# Extreme Rookie help for getting mac up and running.



## elliebeck2 (Jul 28, 2012)

I was just given a mac.  I'm not sure how old it is.  When I initially hooked everything up it seemed to be fine.  It prompted me to update the date and time, etc.  Since I didn't have time I just walked away.  When I came back the screen was dark.  Now I can't get the monitor to come on.  When I press the button, it lights up for a second or so and fades out.  I must also report that I have many children capable of pressing buttons or unhooking things when I'm not looking.  I checked all connections and they seem fine.  Maybe it's not connected correctly.  I'm not familiar with the mini mac adapter stuff.  Help?


----------



## DeltaMac (Jul 28, 2012)

Can you tell us a little more about the Mac that you have?
Is it an iMac (built-in video)? or a laptop, such as a MacBook?
You mentioned something about "mini mac", so it could be a Mac mini?

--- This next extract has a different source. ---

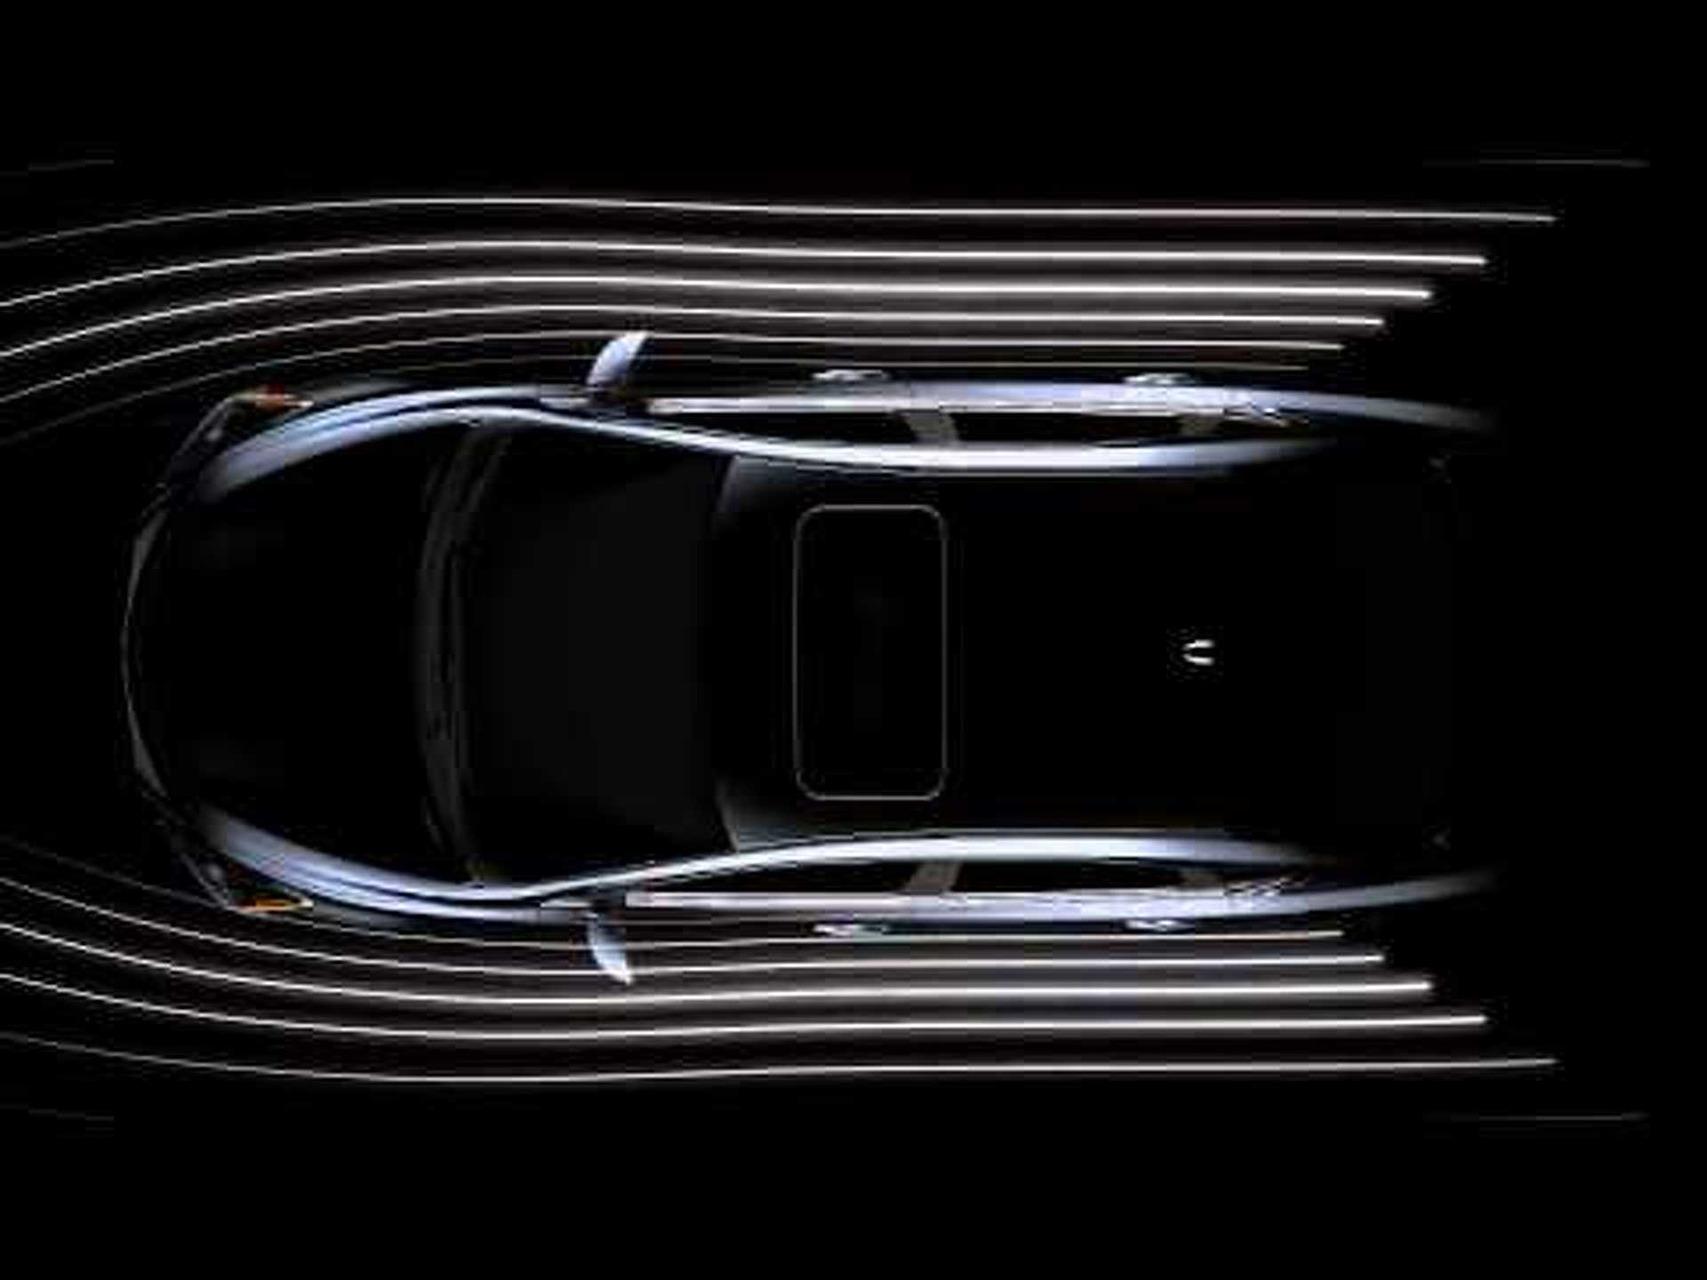 2013 Nissan Altima Teaser
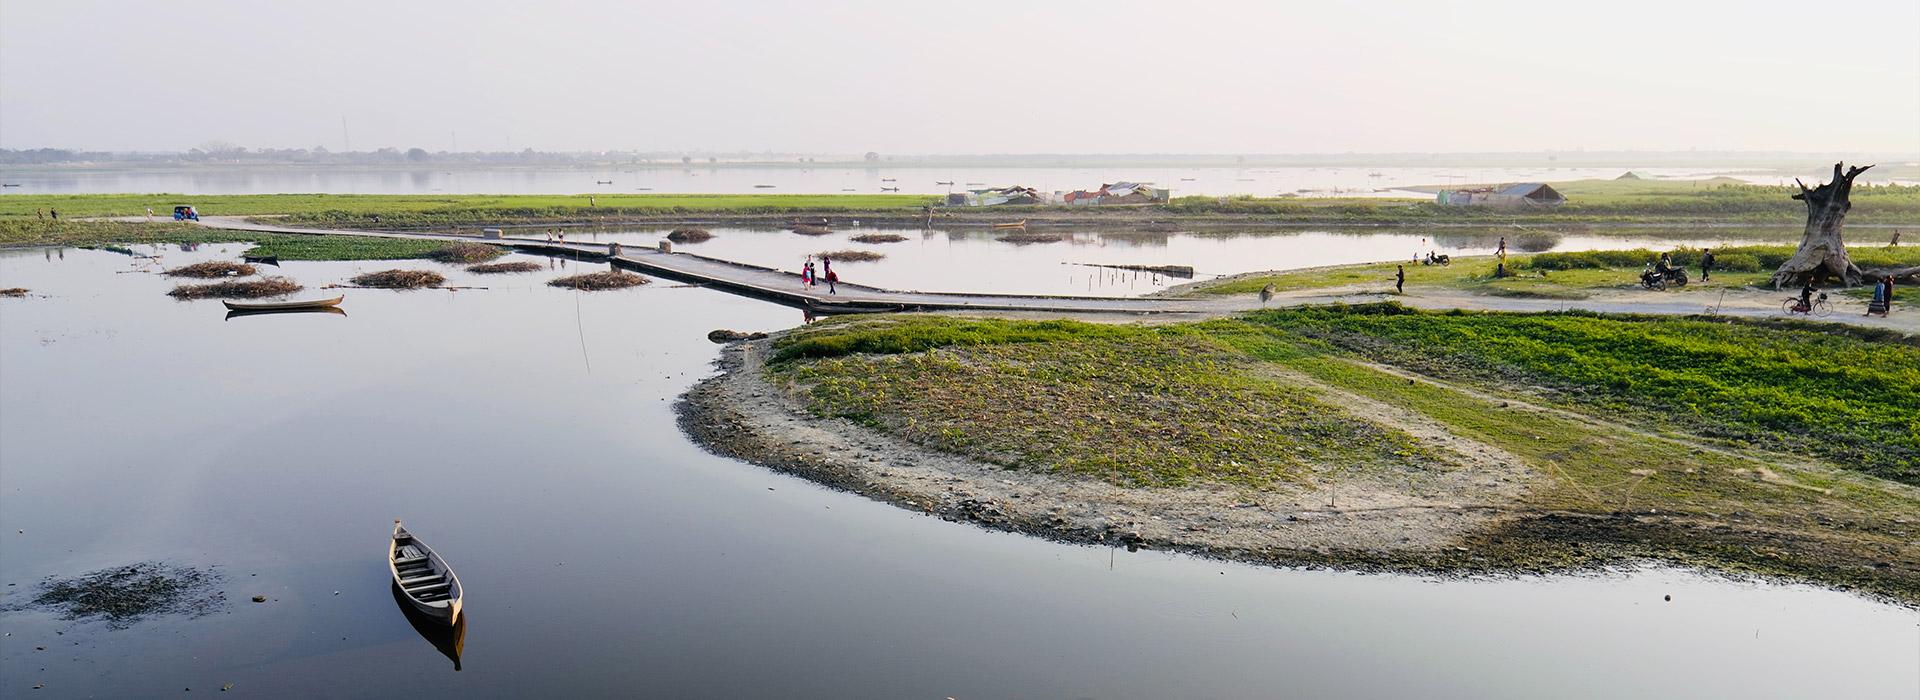 Reisen nach Myanmar - Individuelle Reisen nach Myanmar - Harry Kolb AG - Tourismus

That would have a separate display - the mini is just a small box, where everything connects.
Or, is it a tower (called a PowerMac)
If you have a separate display - is it a flat panel? or an older CRT display (which means that it has a CRT tube, making the screen quite large, and heavy, especially when compared to a flat panel, or LCD display) Which do you have?
One Mac that I use sometimes seems to lose track of the display. If that's what you have, press and hold the power button on the Mac. It will shut off after holding the power button for 5 seconds. You can also simply unplug the power cord, if you need to, at least for this one time. Press and release the power button to turn the Mac back on. That may get you going again.


----------



## elliebeck2 (Jul 28, 2012)

Thank you for all of the definitions as I am unfamiliar with Macs.  Mine must be a mini Mac. It has a small box in which everything connects. I will try turning it off and back  on.  Embarassing question - the cord that splits from the adapter to the small box -does it matter which USB port you use on the back of the monitor?


----------



## DeltaMac (Jul 29, 2012)

If that is the adapter for the display connector, then the USB does NOT plug in to the back of the monitor at all. That USB connector will go to the the computer, so the monitor then works as a USB hub. It doesn't make a difference which USB port on your Mac is used for that.
If you have a Mac mini, there is a tiny label that has a serial number, and some other description about the original configuration, such as CPU speed, etc. The label should be on the bottom of the case somewhere.
It would also help if you can describe the computer case a little more, like color, approximate size, etc. You can also look on the internet for help in determining what you have. This wiki should help... http://en.wikipedia.org/wiki/Mac_Mini


----------